Feedback should always be aimed at “closing the gap” between what is currently known and where the student should be i.e. it should always be formative
It should not be personal or have a value judgement assigned. The purpose is to identify a problem with a behaviour / skills / competency /etc. not with the person
Identify what they do know, what they don’t know and how to improve
Use feedback as an opportunity for self-assessment e.g. How do you feel about that? What do you think you could have done better? What did you do well?
Needs to be given as soon as is appropriate. Some feedback may be better given in private, or in a group, depending on the context
Be kind / sensitive / aware / empathic
Acknowledge if you are at fault e.g. arriving late for a feedback session / tutorial
Be aware of power relationships
Feedback should be continuous
Follow up on your feedback
The feedback should be written down at some stage, either by the student or teacher. Verbal feedback given in the moment may not be remembered later
It’s not only important to identify what students got wrong, but also to try and determine why they got it wrong
Whose needs does the curriculum address? Ultimately, the community who will be served by the graduates of your course → the aims & objectives of the course must be aligned with community needs
Harden’s 10 Question model for curriculum design
“How is the detail of the curriculum communicated”, especially to first year students? Are students aware of how what they’re doing right now is relevant to the course they signed up for e.g. why am I studying physics, I want to be a sports physio?

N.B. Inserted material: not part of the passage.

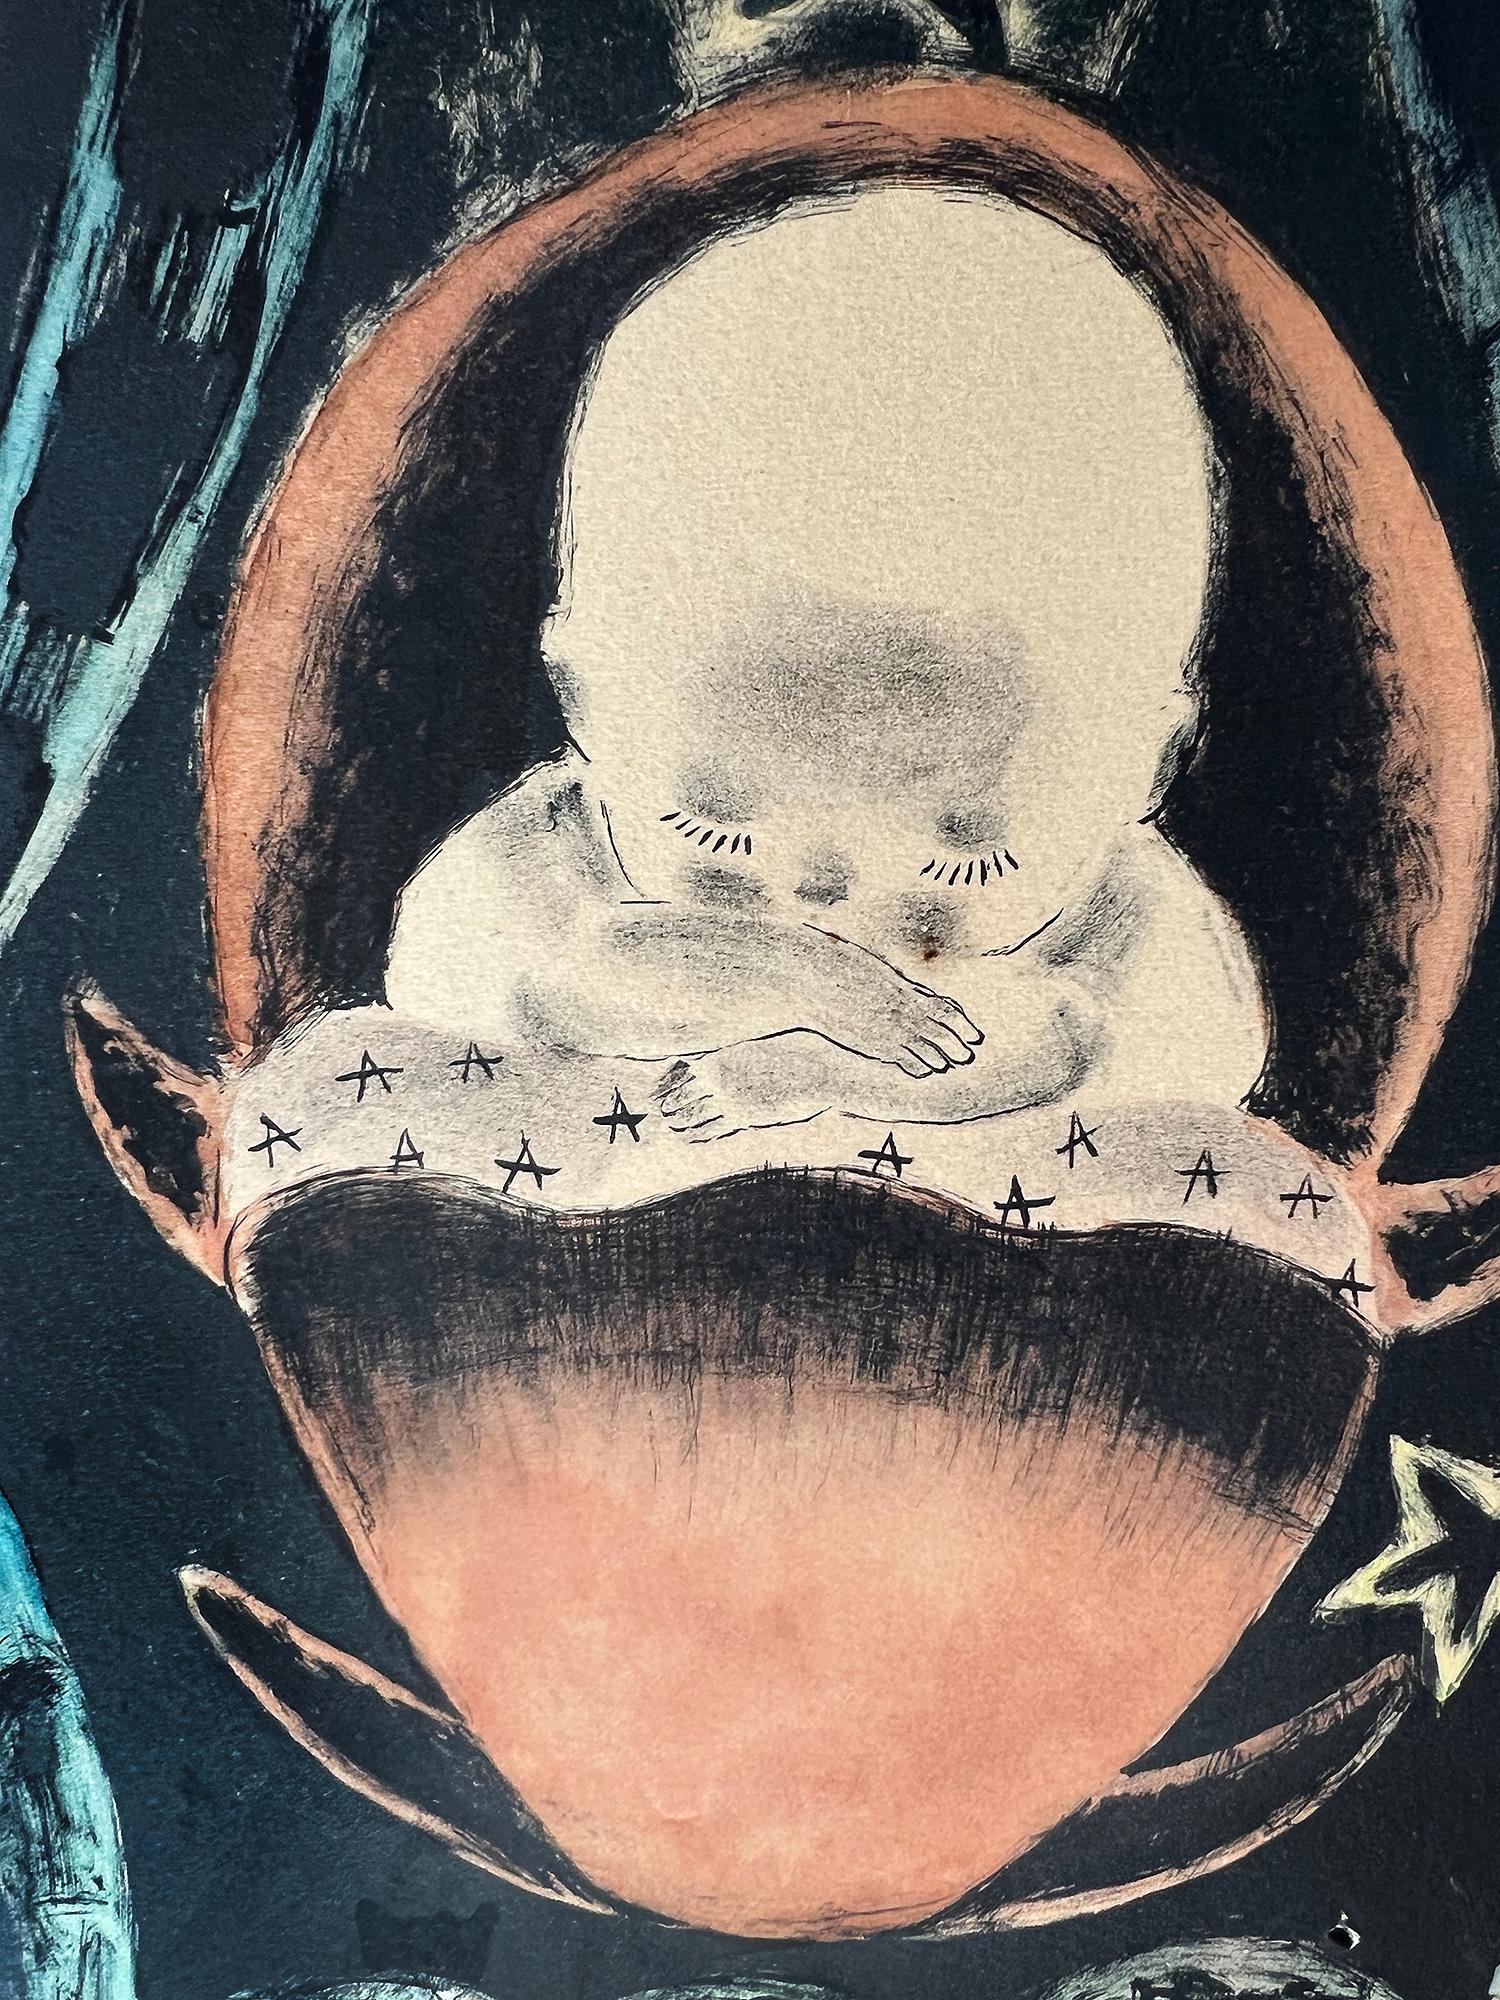 Art Deco - Surreal  Baby Among the Stars in a Theater - Print by Nura Ulreich
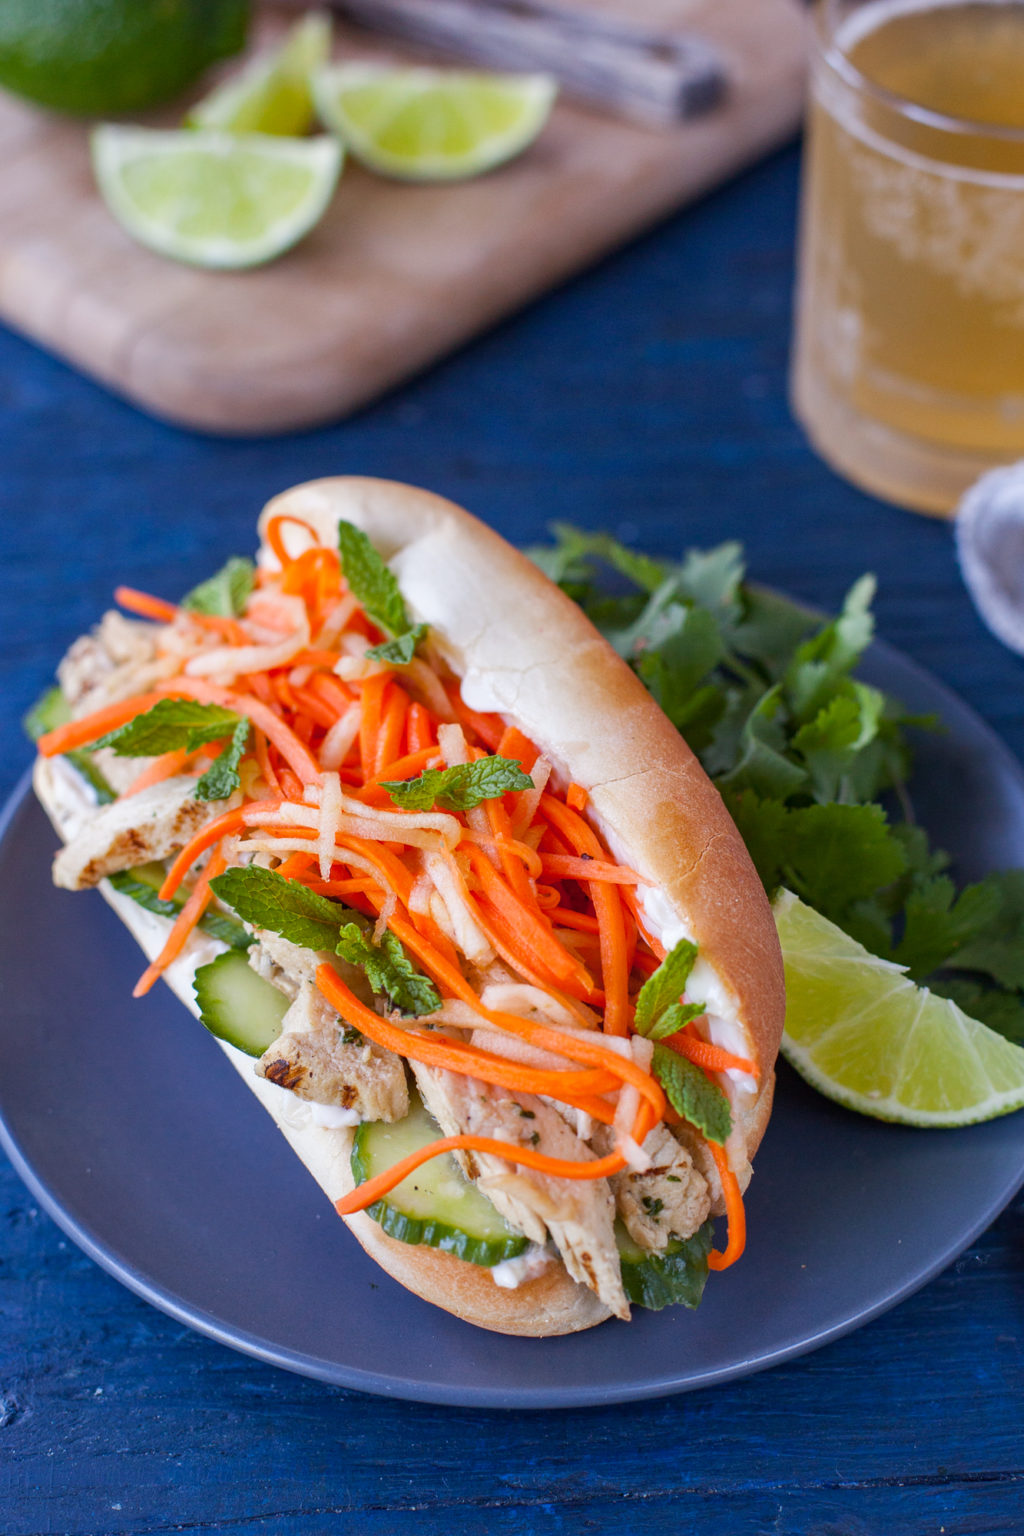 Vietnamese Sandwich Recipe with Grilled Chicken (Banh Mi) - Eating Richly

SPICES model of educational strategies:
- Student-centred ↔ Teacher centred
- Problem-based ↔ Information gathering
- Integrated ↔ Discipline-based
- Community-based ↔ Hospital-based
- Electives ↔ Standard programme
- Systematic ↔ Apprenticeship-based or Opportunistic
There are models that can be used to determine where a curriculum lies on each of the spectrums listed above
Is a curriculum set in stone, or is it dynamic?
“Diseases of the curriculum” (Abrahamson, 1960s)
You can’t teach everything (there’s just too much) but you can help students become self-directed learners, which is what clinicians are. We don’t have all the answers but we know how to find the answers that will help fill the gaps in our knowledge / understanding. If students think they’re supposed to know all the answers, then that’s an enormous burden to carry
How do we select students who had a poor secondary education but who have the potential to be good (great?) therapists / clinicians? How do you support them?
You should always look for competence in students, no matter what curriculum design you use
A discipline-based approach doesn’t challenge students to engage with the later stages of Bloom’s taxonomy
Problem-based learning helps to create a more authentic learning environment / experience and allows the integration of pre-clinical and clinical science
“The contribution of South African curricula to prepare health professionals for working in rural or under-served areas in South Africa: a peer review evaluation. SAMJ, 2011, 101:34-38
What happens to students when they leave? Should this be a question we consider during curriculum planning?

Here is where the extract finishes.